■ **TASK TO CARRY OUT**: A faithful transcription of all the data, images excluded, is the required answer.

■ **DATA SECTION**:
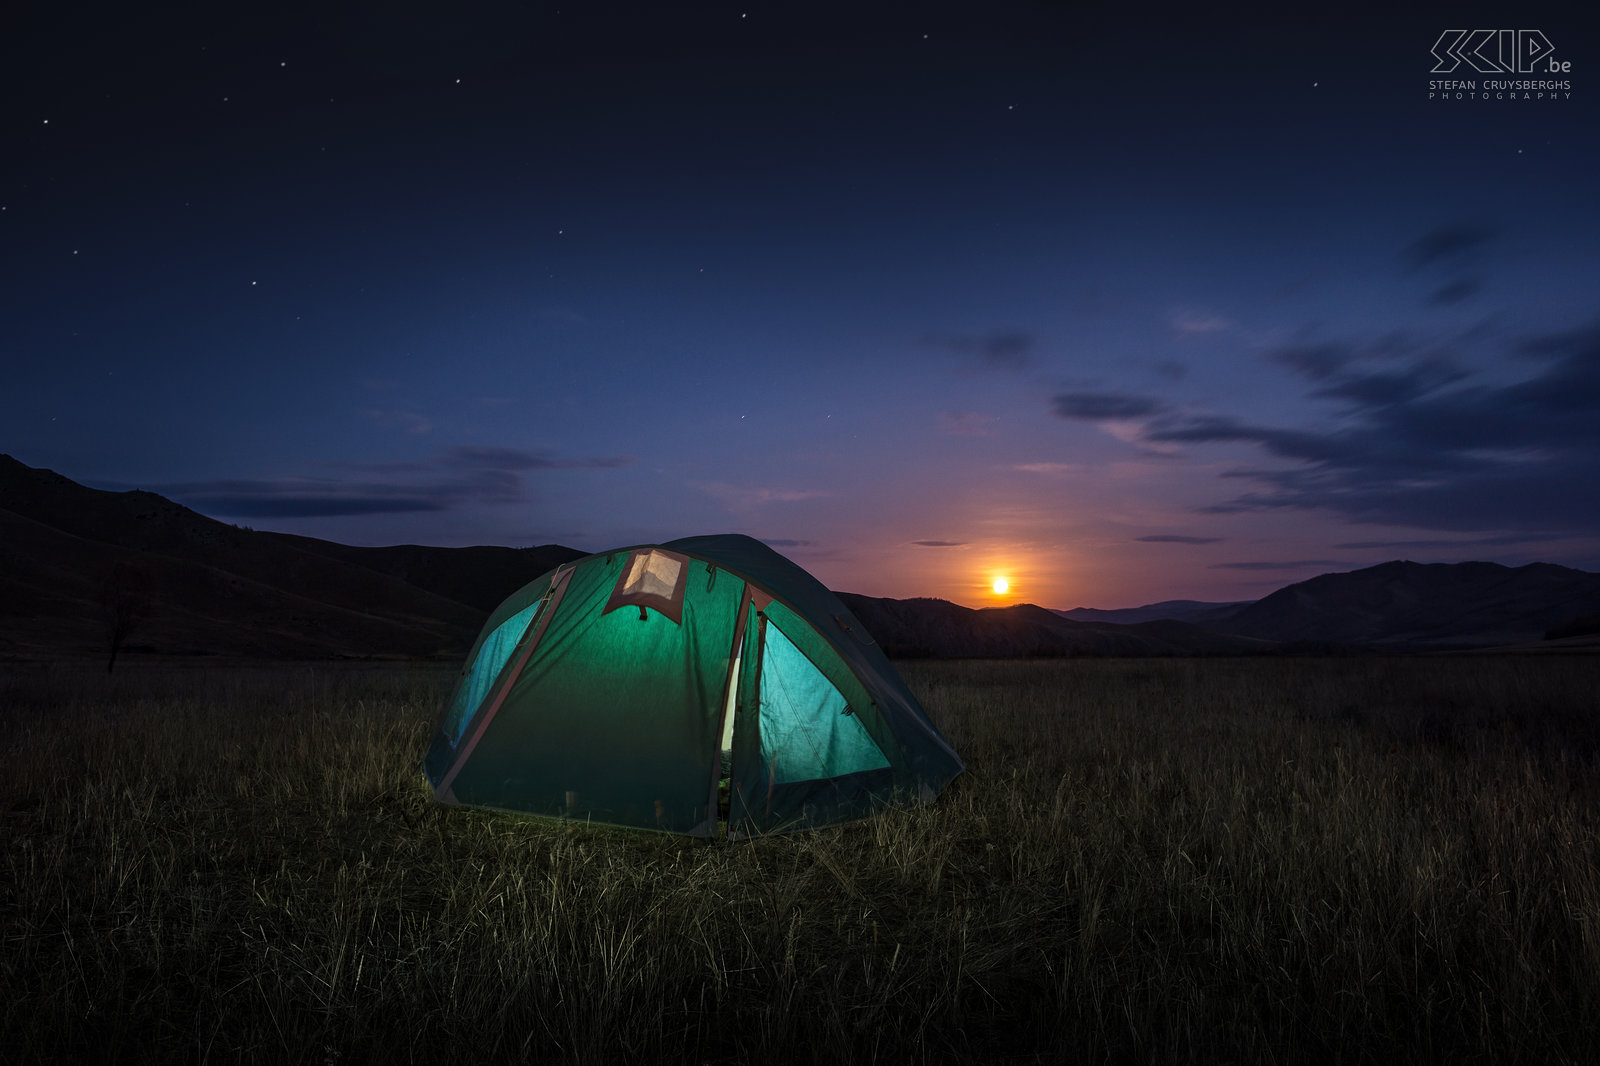 Khan Khentii - Tent bij volle maan We kampeerden en sliepen in een tent dus probeerde ik de laatste avond een nachtfoto te maken van onze verlichte tent en de opkomende volle maan. De dag nadien vertrokken we terug naar huis.  Stefan Cruysberghs
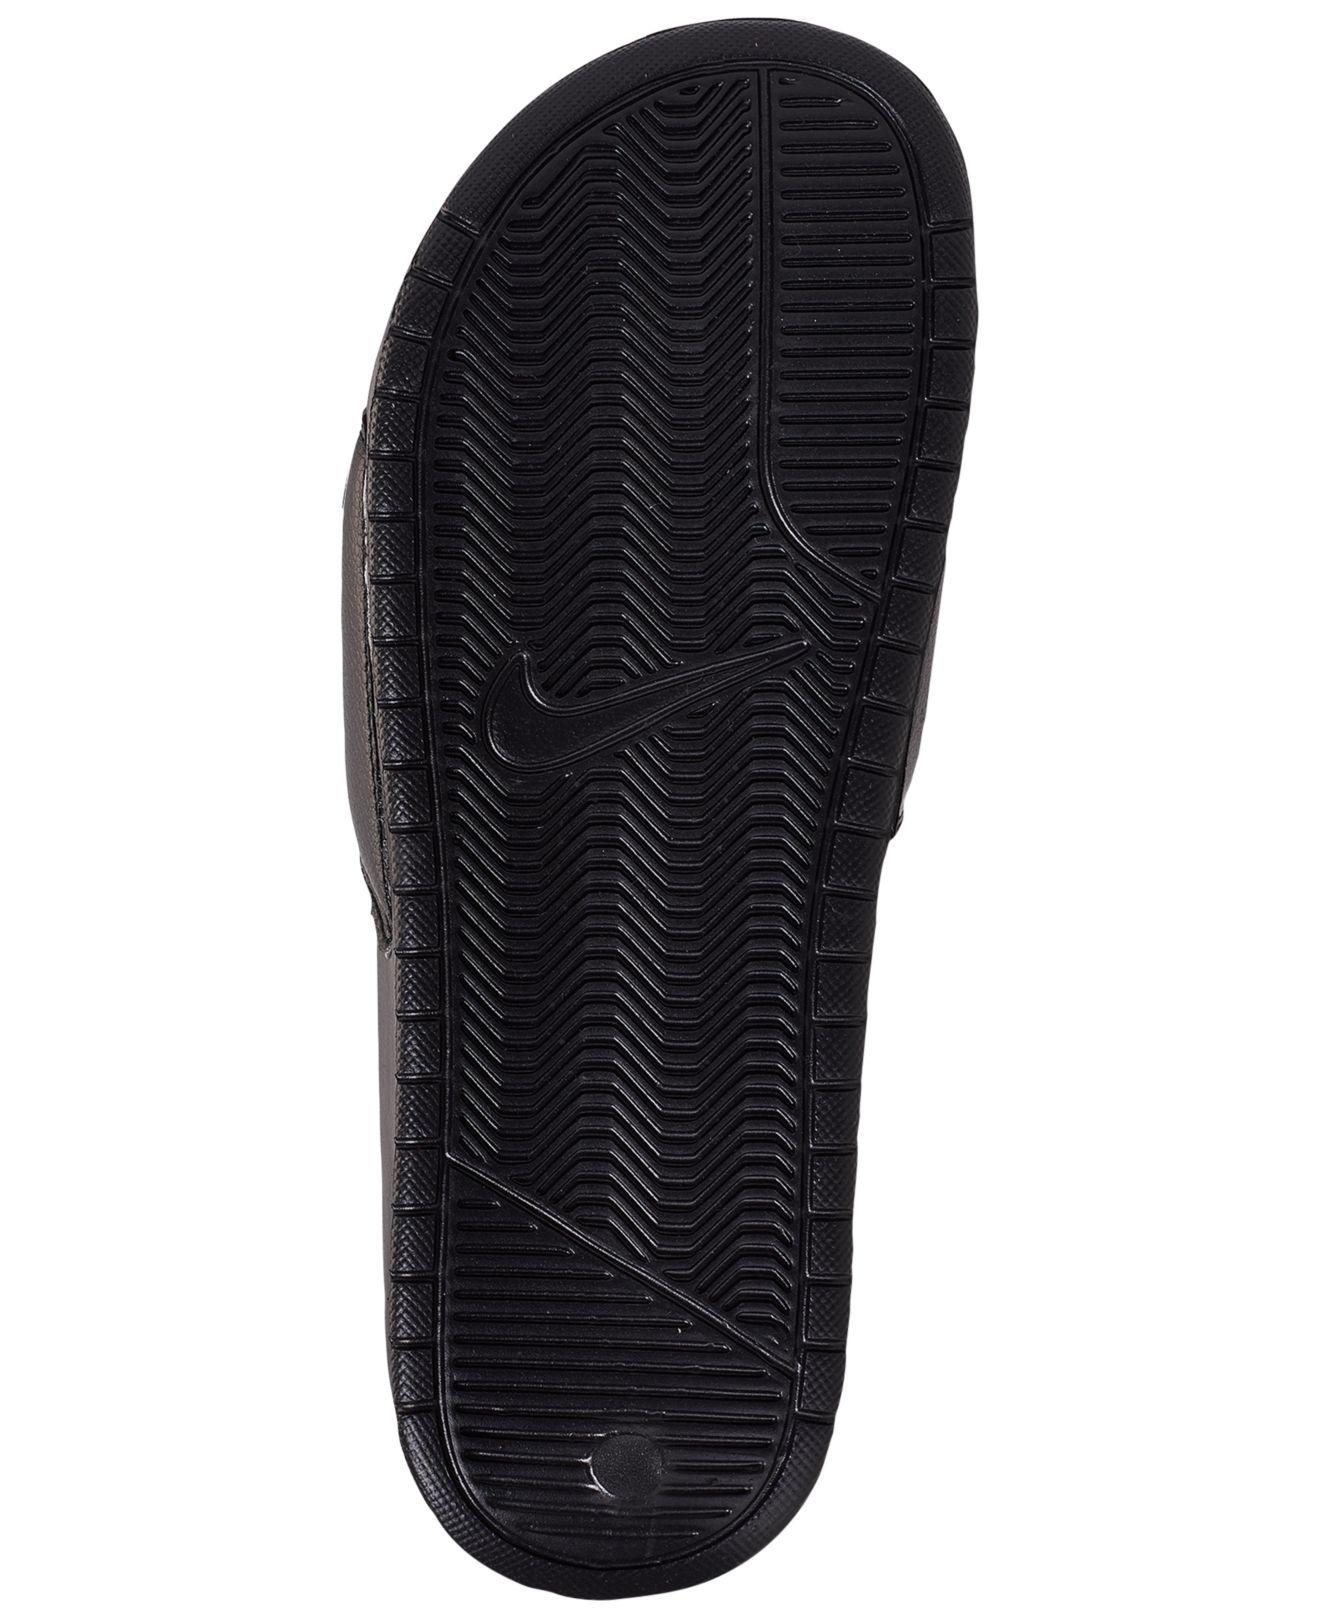 Nike Benassi Jdi Beach & Pool Slides in Black/White (Black) for Men - Lyst
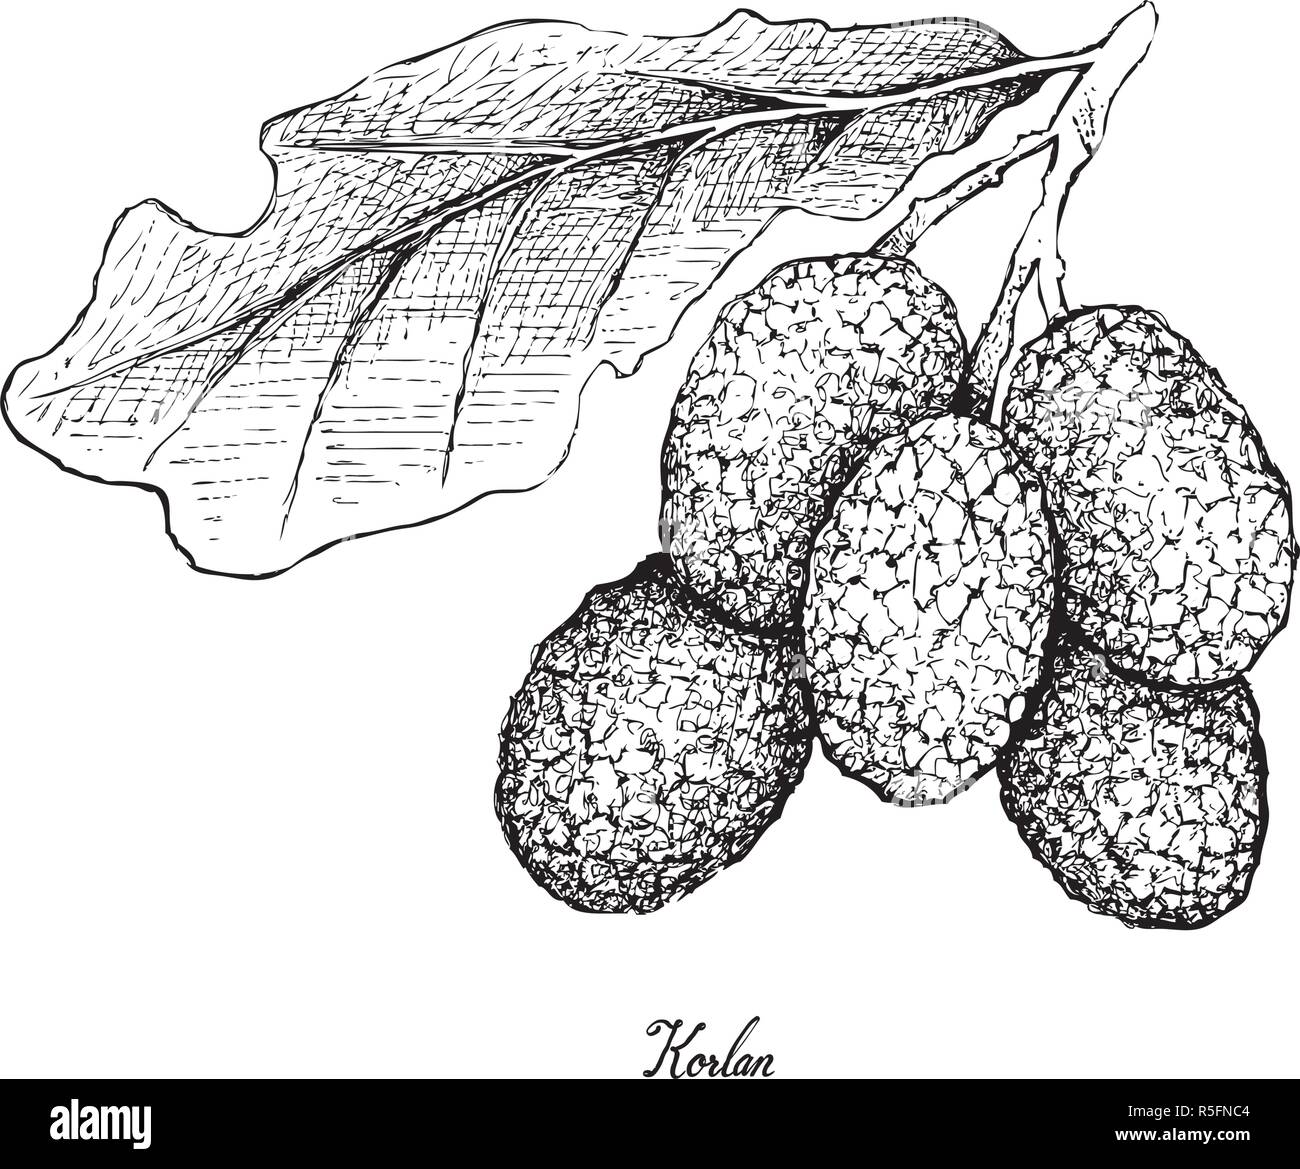 Fresh Fruits, Illustration of Hand Drawn Sketch Fresh Korlan or Nephelium Hypoleucum Fruits Isolated on White Background. Stock Vector

■ **RESULT OF THIS EXERCISE**:
 Khan Khentii - Tent bij volle maan We kampeerden en sliepen in een tent dus probeerde ik de laatste avond een nachtfoto te maken van onze verlichte tent en de opkomende volle maan. De dag nadien vertrokken we terug naar huis.  Stefan Cruysberghs
 Nike Benassi Jdi Beach & Pool Slides in Black/White (Black) for Men - Lyst
 Fresh Fruits, Illustration of Hand Drawn Sketch Fresh Korlan or Nephelium Hypoleucum Fruits Isolated on White Background. Stock Vector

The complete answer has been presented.